Another favorite argument, used by the lefties anti-imperialists to justify their siding with Assad is how Syria supposedly used to be a social state.
Indeed, a very social state but for chosen circles, which did not include the majority of its population and marked a clear class divide. Those who were in one or another way loyal to the government, had the chance to make a career and gain certain privileges. The rampant clientelism did not cease with the uprising and a funded on a mafia-like principle network of contacts ensured the fierce support of the circles who could extract wealth and positions through their loyalty to the regime.
After the eruption of the protests in 2011 businessmen were given the opportunity to profit in exchange of financing militarized structures, including foreigner groups.

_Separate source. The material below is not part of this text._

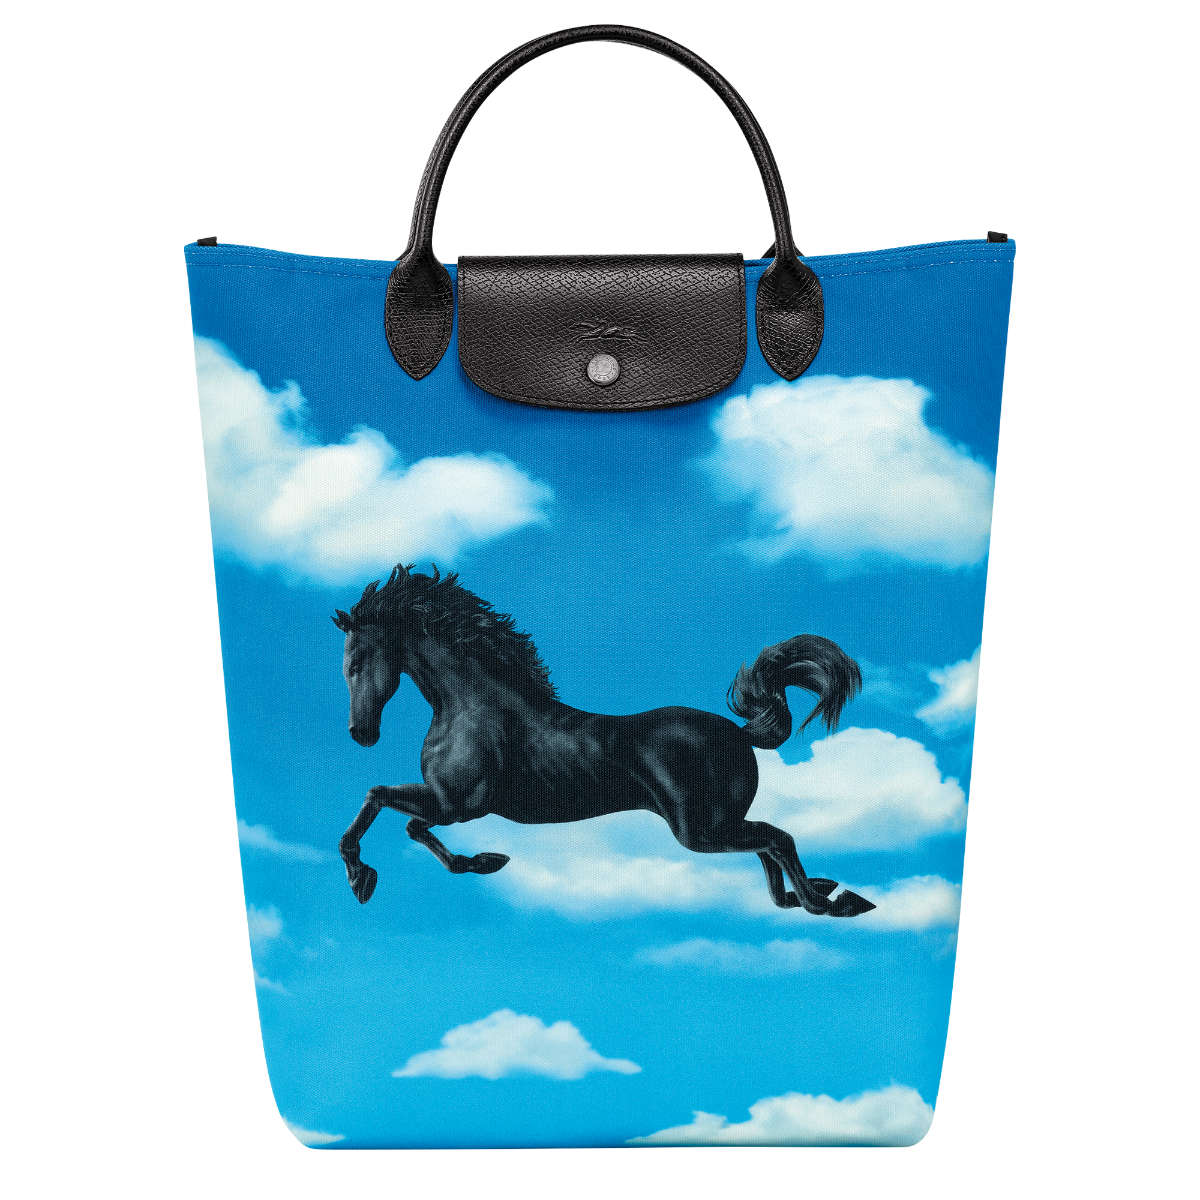 Longchamp X Toiletpaper: An Optimistic Take On A Well-Loved Icon

In these militias, contrary to the common understanding, side by side were Alawites, Christians, Shia and Sunnis, which serves as an example of how the simplistic argument of the uprising in Syria being a sectarian conflict actually conceals a much more complex set of social issues and relations. Another good example is the so called shabiha. These local criminal circles were armed in 2011 in order to support the government against the uprising and nowadays they are the most powerful pro-Assad military structures in the provinces Hama, Homs, Tartus, Aleppo and Latakia. With help of shabiha and other criminals, the Syrian regime killed journalists like Marie Colvin in 2012.

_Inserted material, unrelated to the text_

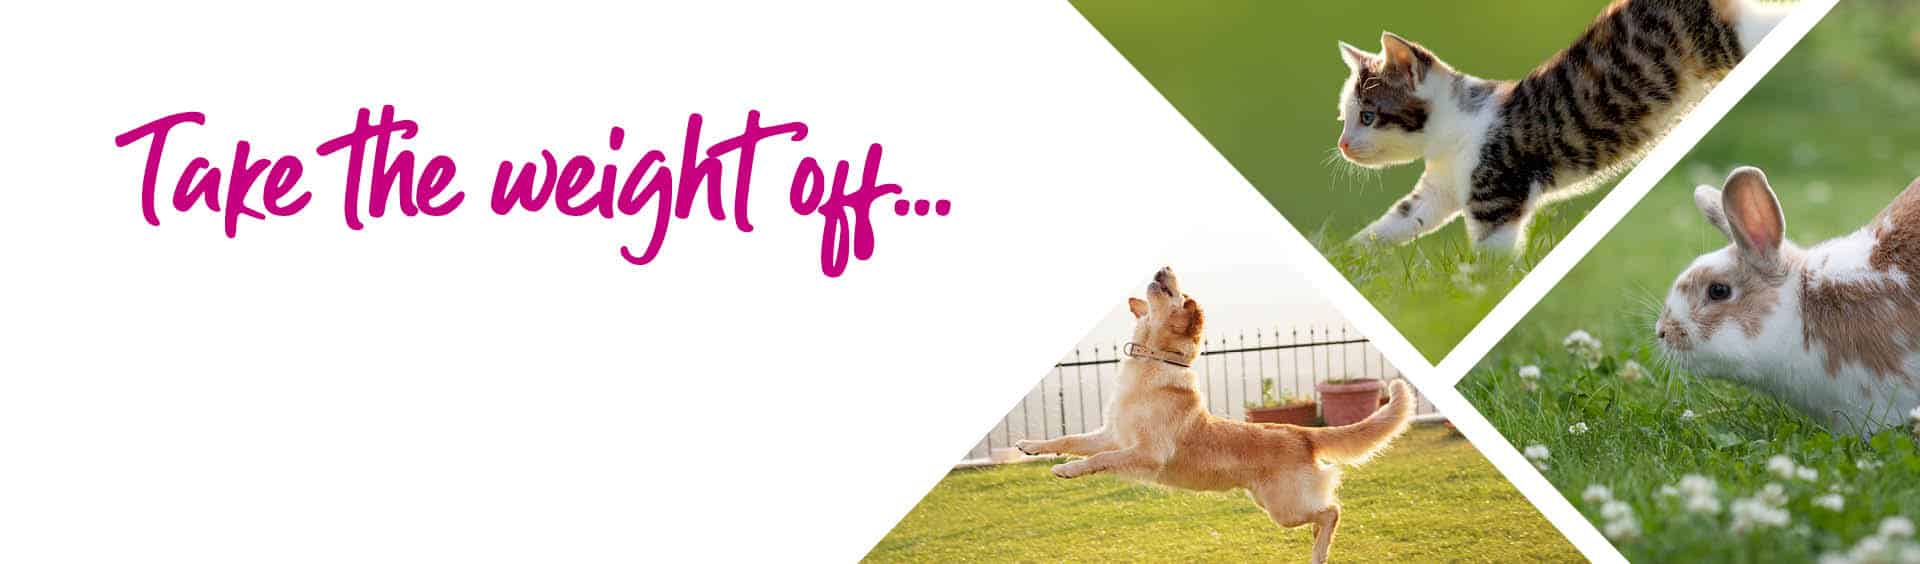 How to Help Dogs Lose Weight | Weight Management | Sandhole Vets

The Syrian revolution was rejected from the very beginning by the so called anti-imperialists, who otherwise claim to support all peoples in their quest for justice. The withdrawal of support from the left opened a vacuum, which was later filled by the Islamists. The same anti-imperialists completely ignored the declaration of left-wing organisations from Tunis, Syria, Lebanon, Morocco, Iraq and Jordan that supported the uprising and condemned foreign intervention. Many did not like the fact that under foreign intervention this declaration meant the Russian one in Syria. I guess Russian imperialist intervention somehow doesn’t qualify as such in their minds.
However, even Syrian currency is now printed in Moscow. Isn’t this the pure definition of foreign intervention?

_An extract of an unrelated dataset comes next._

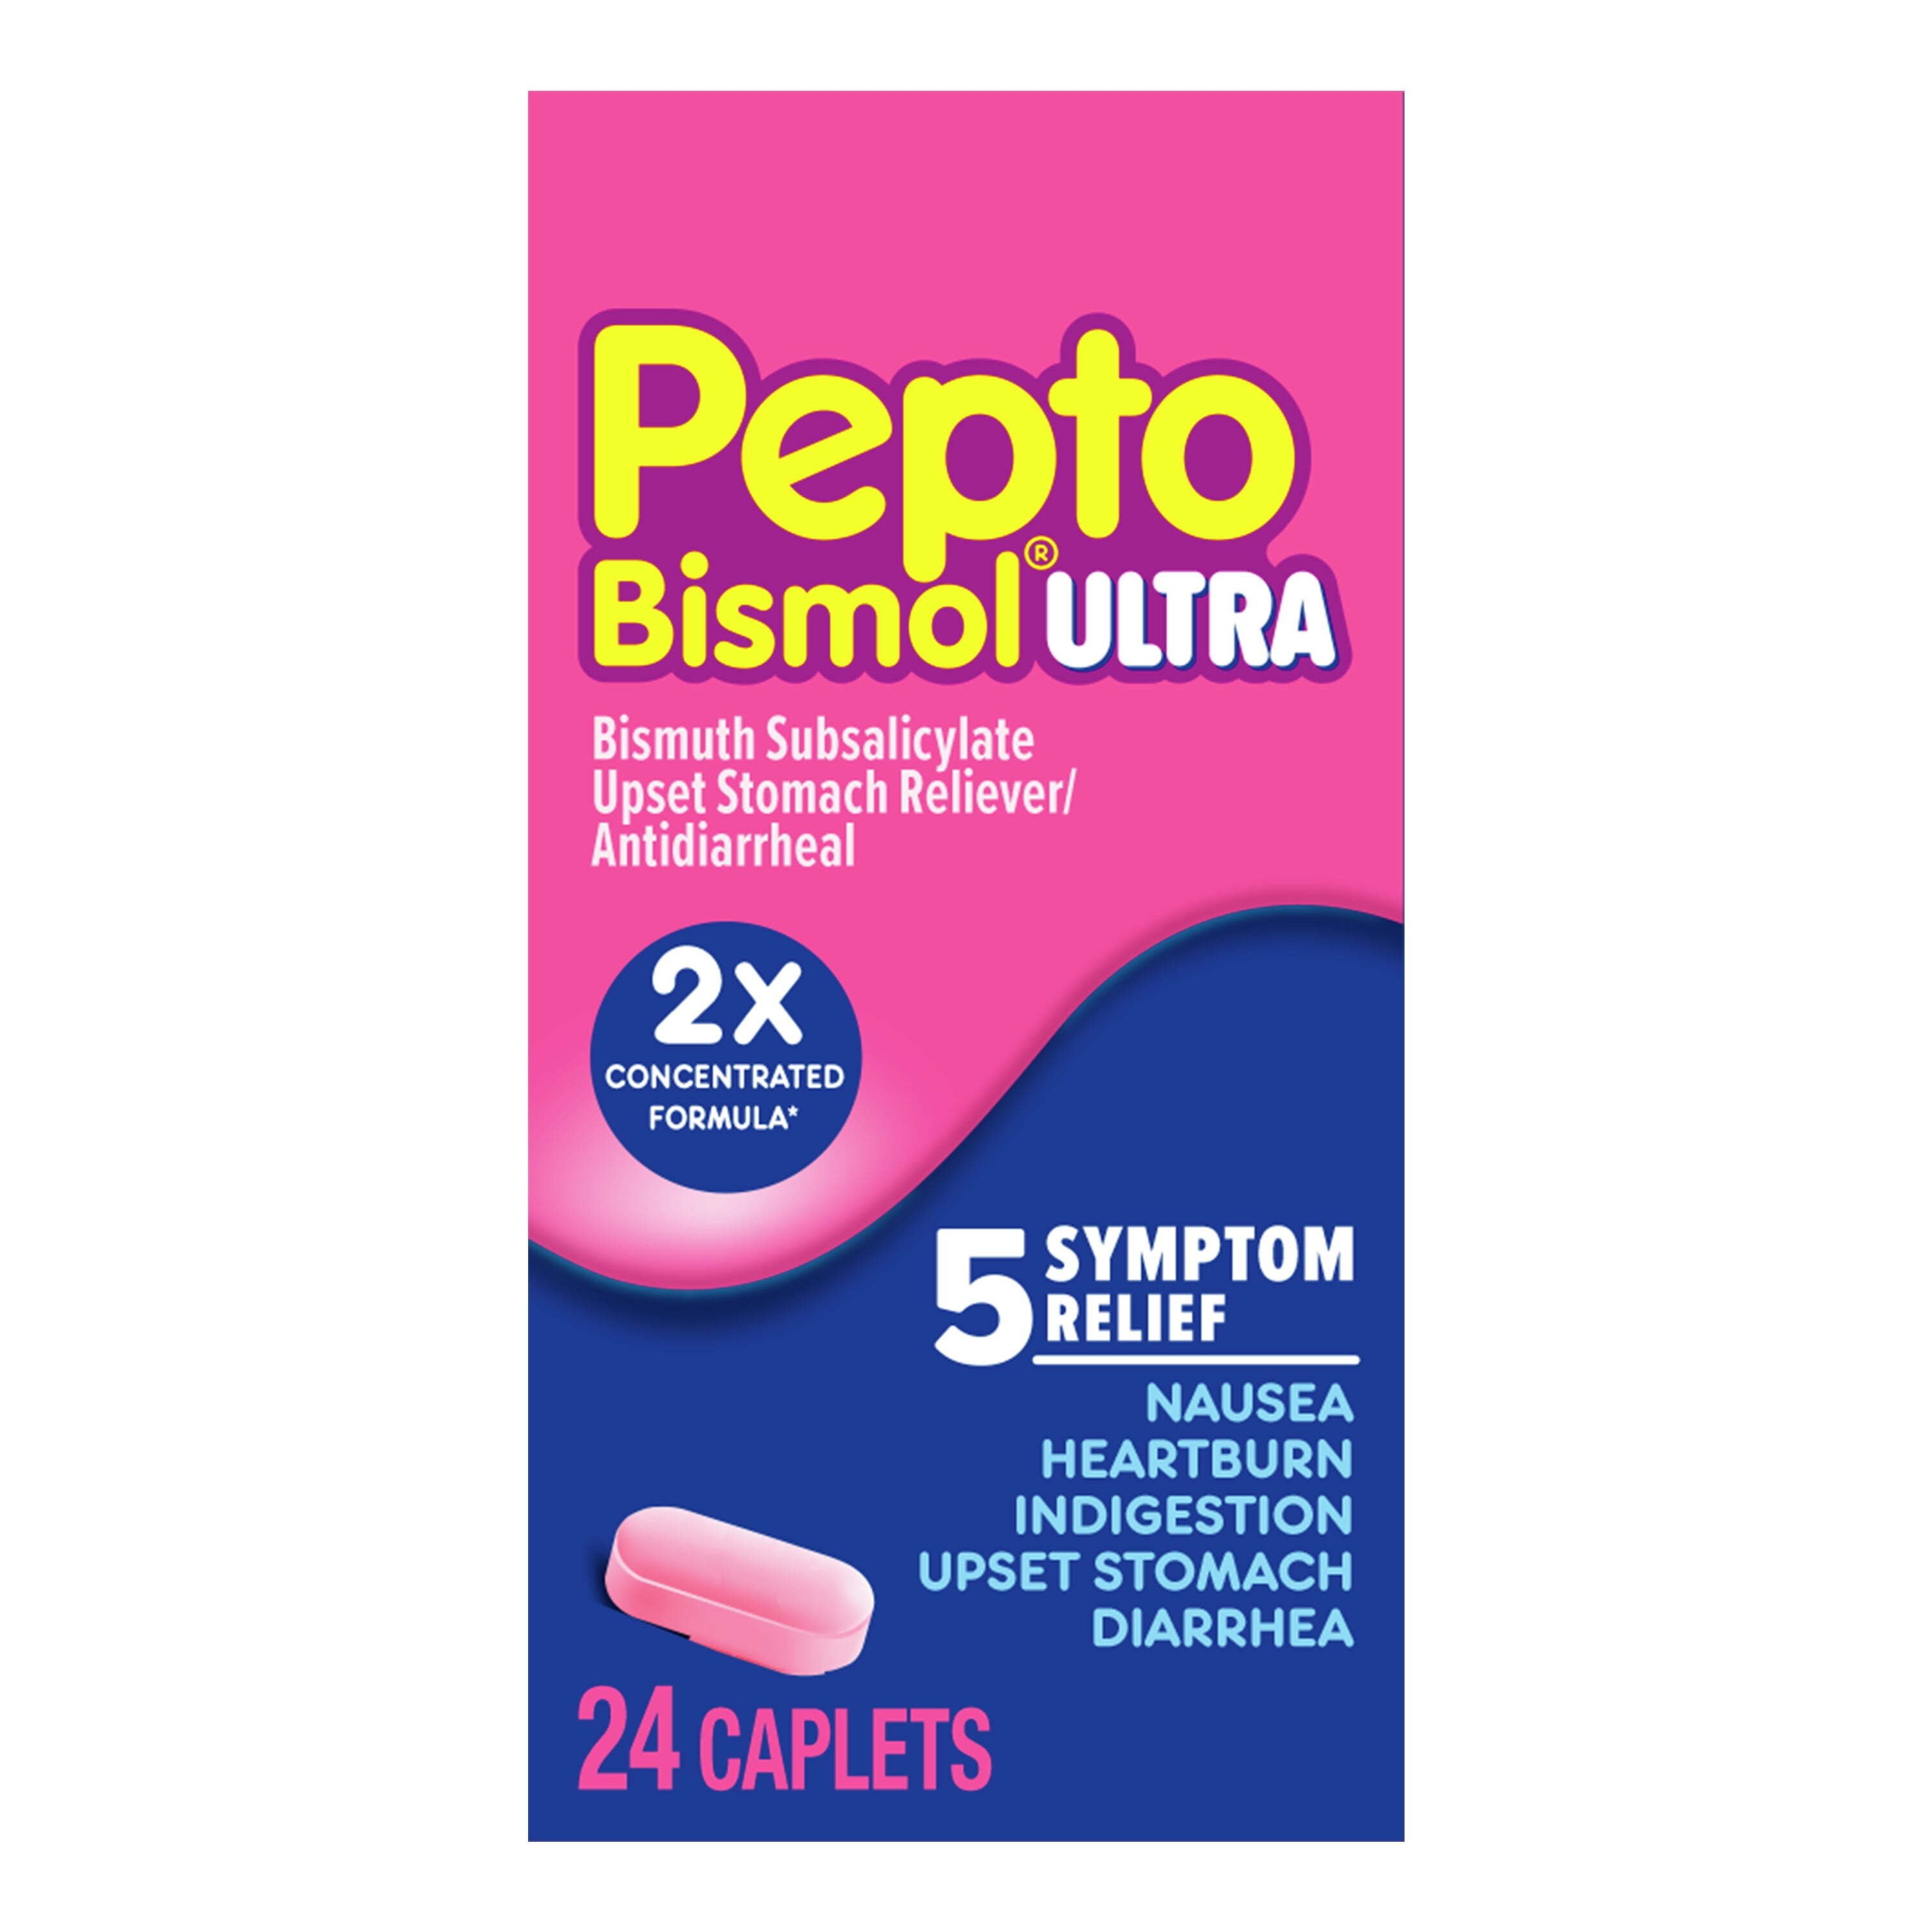 Pepto Bismol Ultra Caplets for Upset Stomach & Diarrhea Relief, Over-the-Counter Medicine, 24 Ct - image 1 of 12

Same people who claim to stand against imperialism also claim to be against xenophobia and racism rising in Europe. Meanwhile, they tend to ignore the fact that Russia is one of the main donors of many European far-right parties and organisations. By the way, they ignored the fact that even neo-Nazi groups like Mavros Krinos (Black Lily) fight alongside Assad troops in Syria. Or what about these meetings between the Syrian government and far-right politicians?
For modern anti-imperialists racist attacks in Russia do not exist — even though the recent cases. Maybe they haven’t heard of journalist Stanislav Markelov and activist Anastasia Baburova, murdered in 2009 for their activities as antifascists. Or Natalia Estemirova, murdered in 2009 for her work on human rights abuses in Chechnya. These among many others. Modern anti-imperialists claim that Russia is necessary to keep the balance. What balance? Wars and intervention have risen drastically in the last 20 years.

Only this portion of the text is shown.